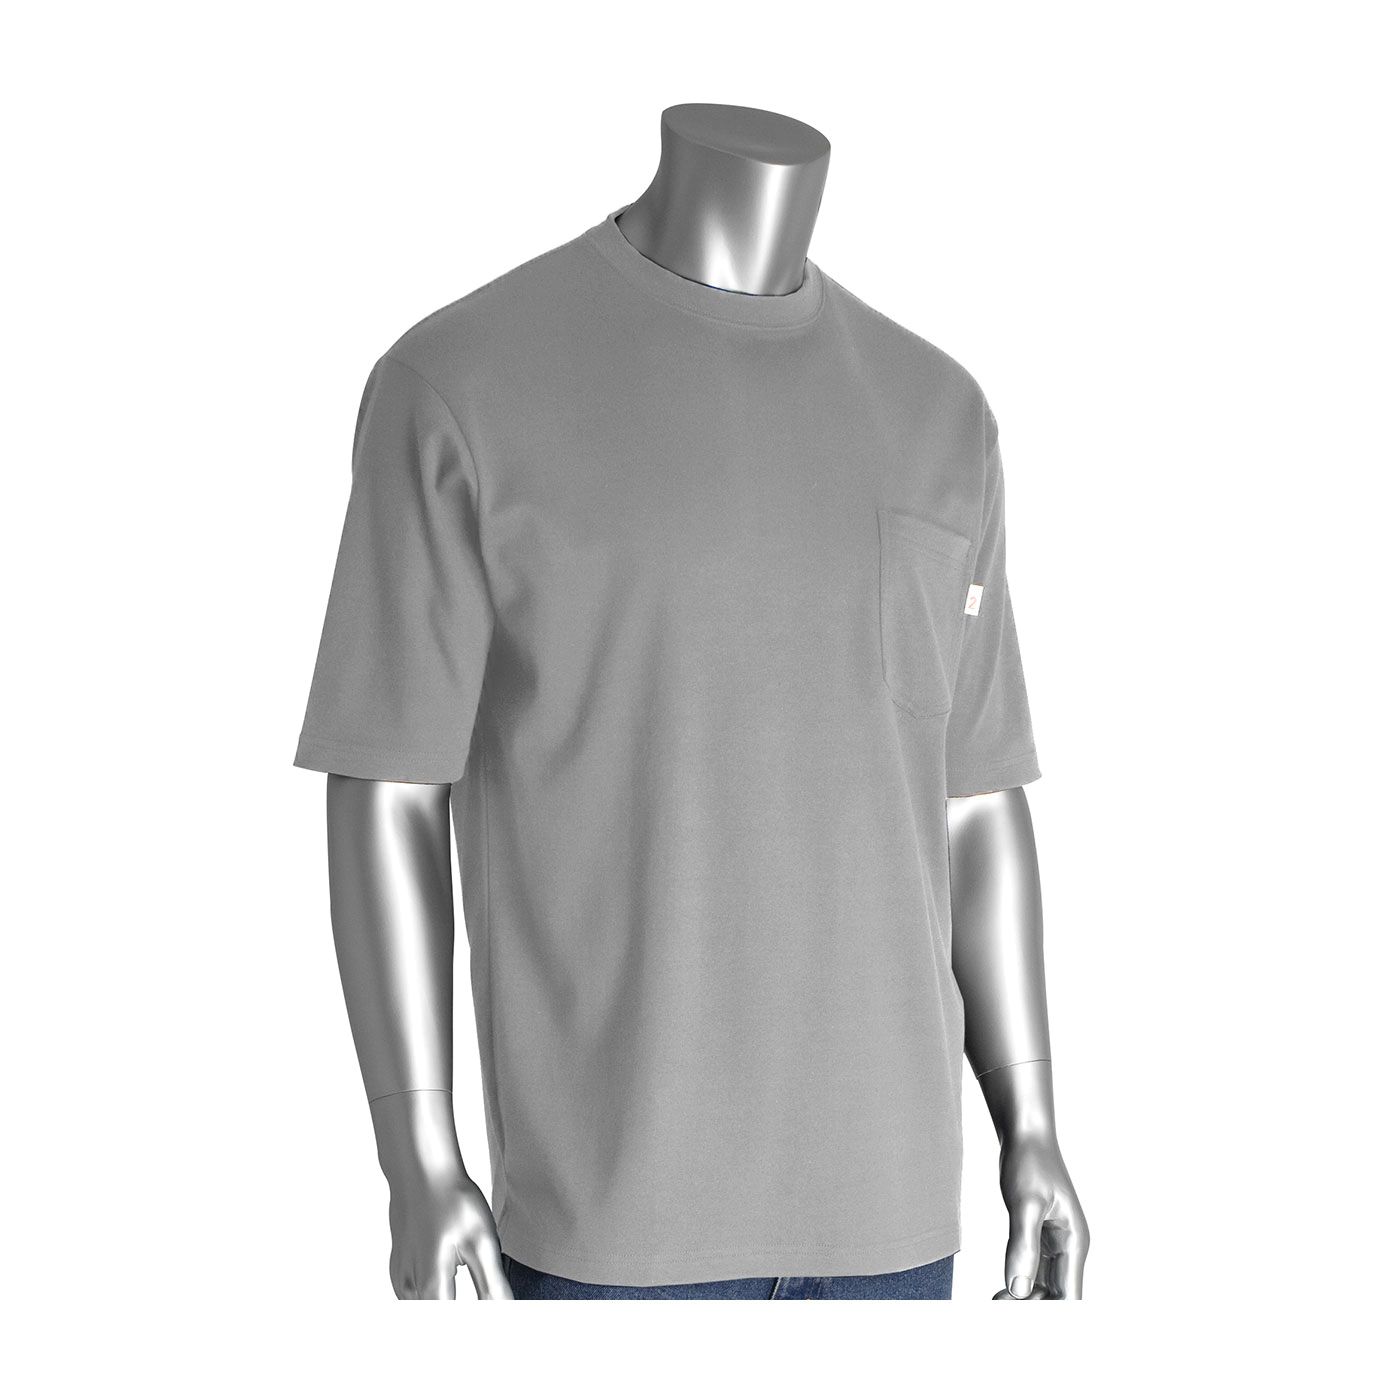 PIP® 385-FRSS-LG/3X Arc and Flame-Resistant Short Sleeve T-Shirt, 3XL, Light Gray, Cotton Interlock Knit, 35 in L
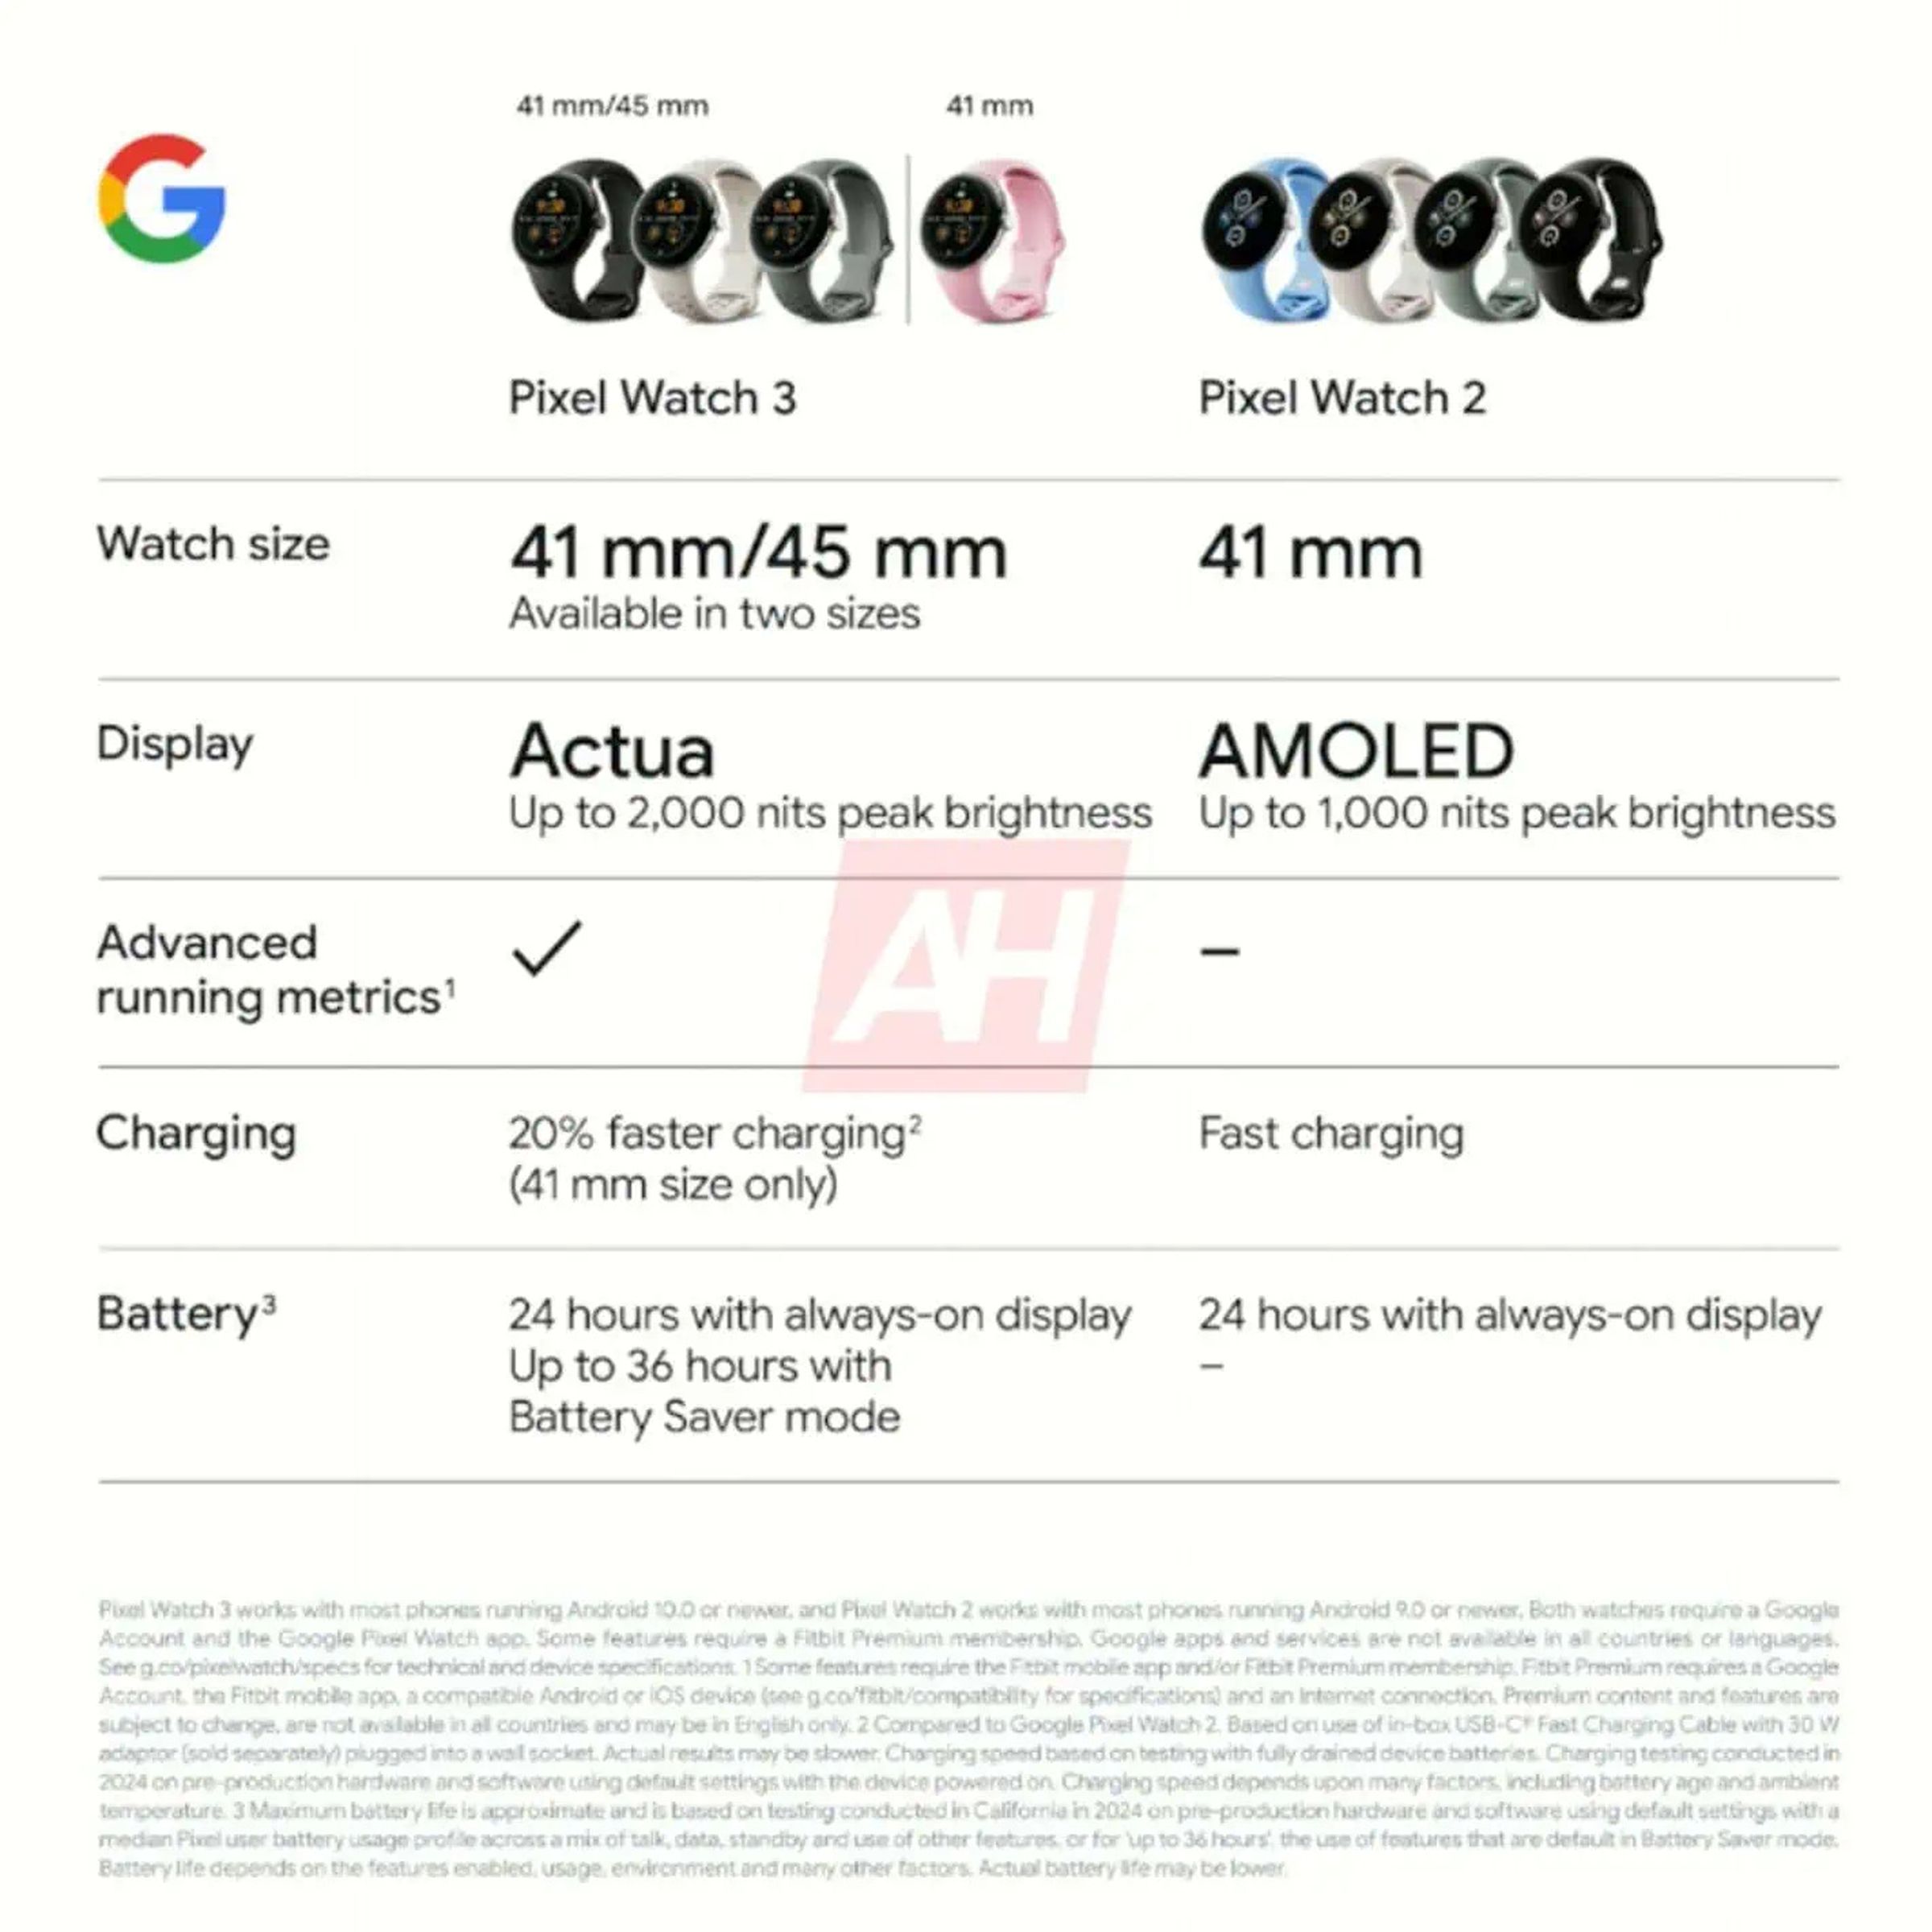 A leaked specs sheet purporting to show the details of the Pixel Watch 3 compared to the Pixel Watch 2
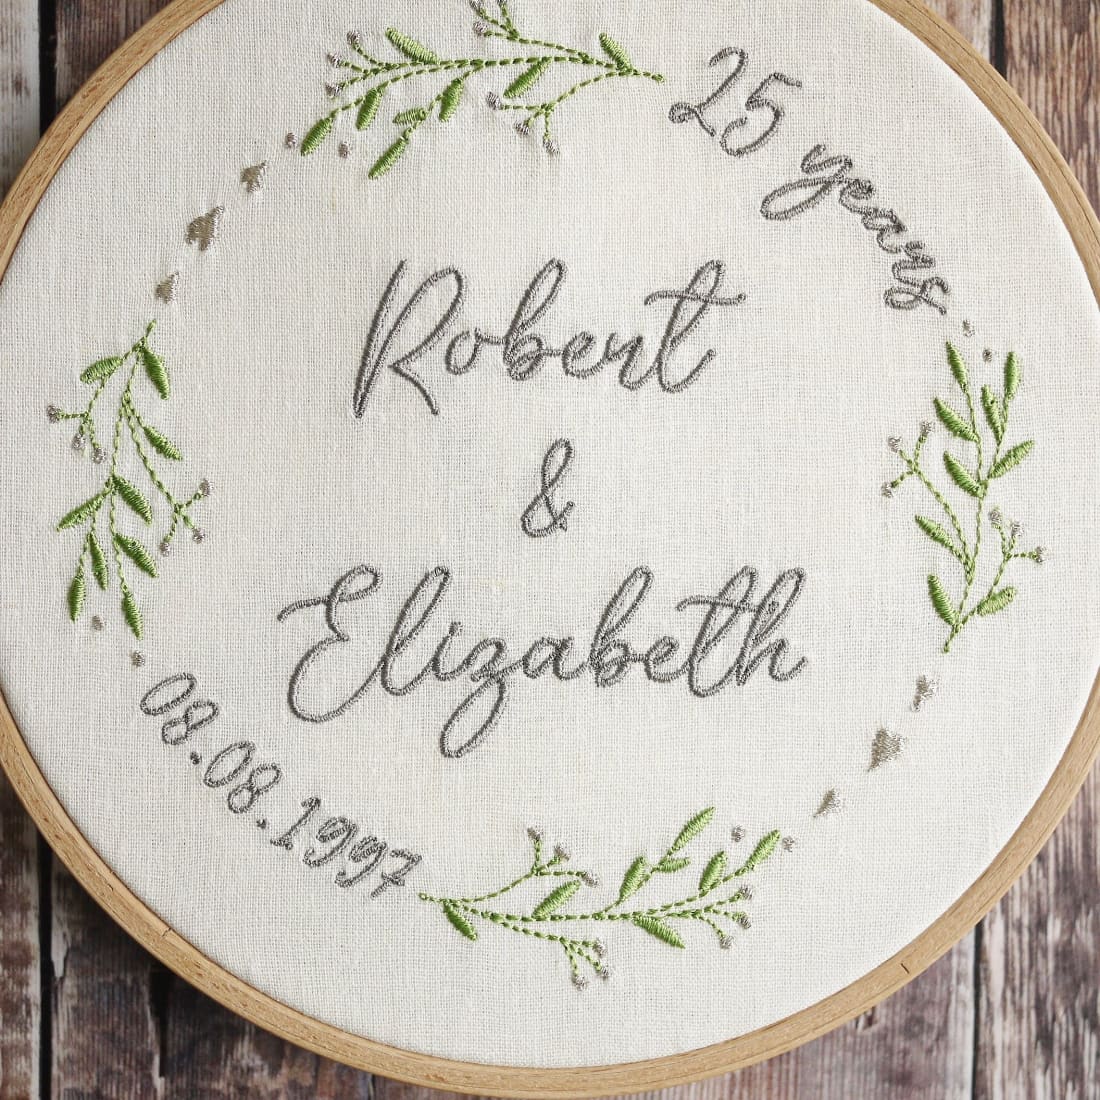 25th Silver Wedding Anniversary Embroidered Plaque 25th 40th and 50th Wedding Anniversary Gifts

* * *

## Task objective
Print the listing verbatim, images excluded.

## Exercise response
 PIP® 385-FRSS-LG/3X Arc and Flame-Resistant Short Sleeve T-Shirt, 3XL, Light Gray, Cotton Interlock Knit, 35 in L
 A leaked specs sheet purporting to show the details of the Pixel Watch 3 compared to the Pixel Watch 2
 25th Silver Wedding Anniversary Embroidered Plaque 25th 40th and 50th Wedding Anniversary Gifts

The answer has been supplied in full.